Josh and Meg McKivigan give their adopted children (left to right) twins Ezra and Naomi, 3, and Eli, 4, a push on the swings behind their Bellevue home. (Photo by Martha Rial/PublicSource)
Josh and Meg McKivigan give their adopted children (left to right) twins Ezra and Naomi, 3, and Eli, 4, a push on the swings behind their Bellevue home. (Photo by Martha Rial/PublicSource)

A McDonald’s play area in Pittsburgh’s North Hills. Two boys are running around, hand in hand. Their mom, Meg McKivigan, is watching them from close by.
The boys stop in front of another boy, and Eli, who is not quite 4, asks, “Can me and my brother play with you?”

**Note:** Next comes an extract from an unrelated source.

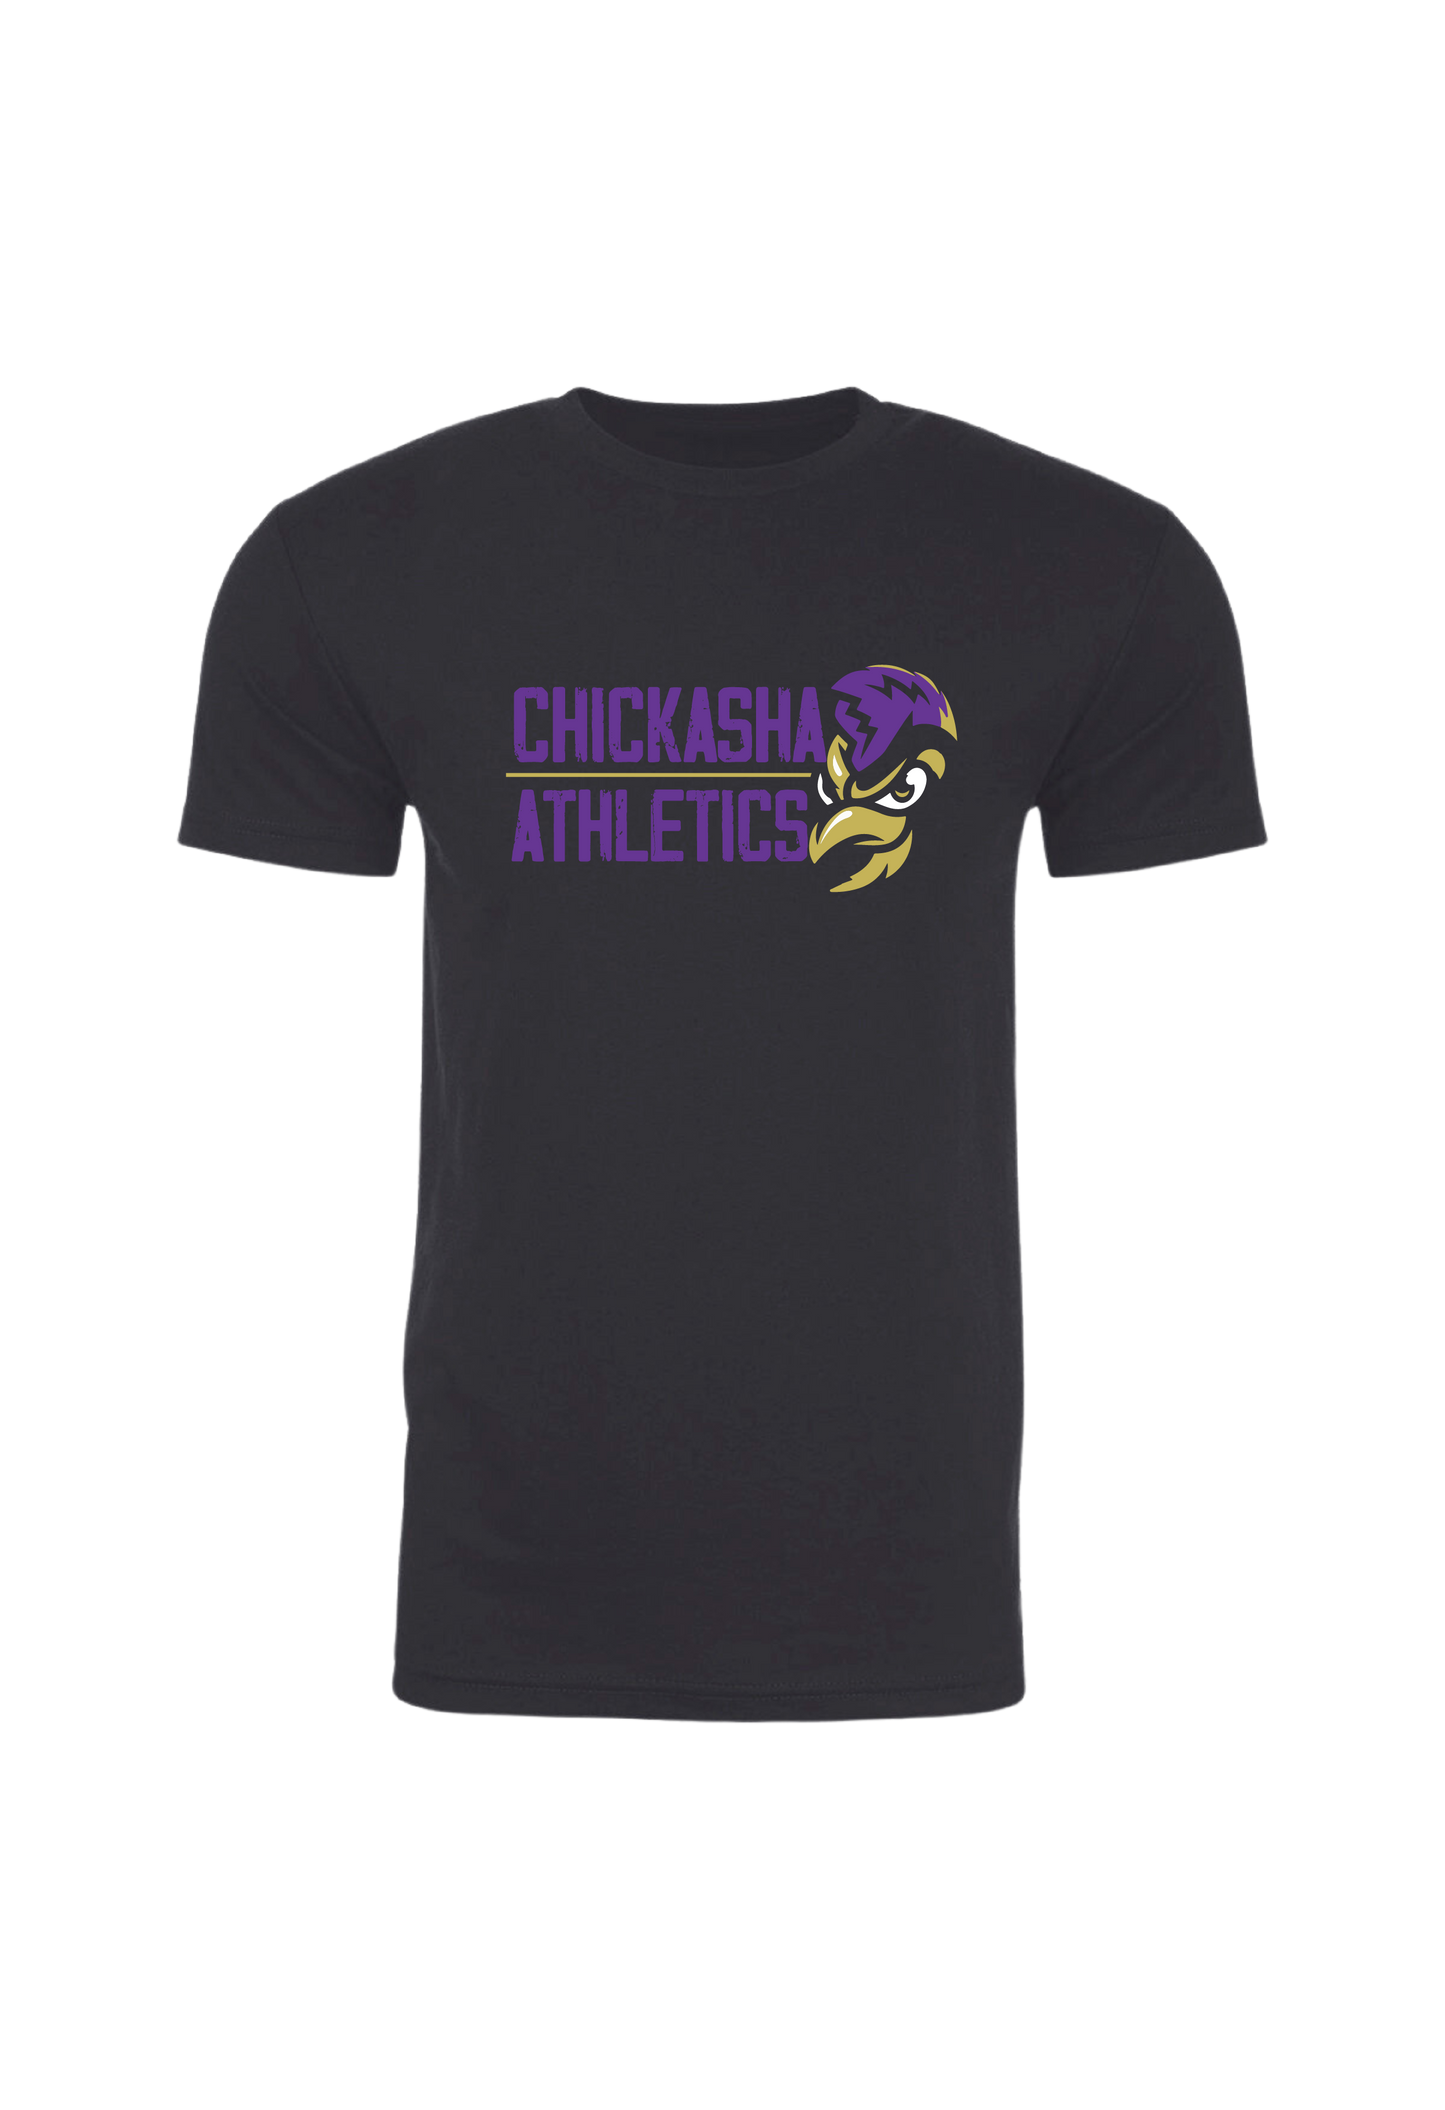 Chickasha Athletics T-Shirt - Black

“That’s not your brother,” the boy says, looking at an almost 2-year-old Ezra and his brown skin.

More than a year has lapsed since, but McKivigan, of Bellevue, often encounters people who don’t understand her family. McKivigan and her husband, Josh, are a White couple and parents to three adopted kids: Eli, who’s White, and twins Ezra and Naomi, who are Black.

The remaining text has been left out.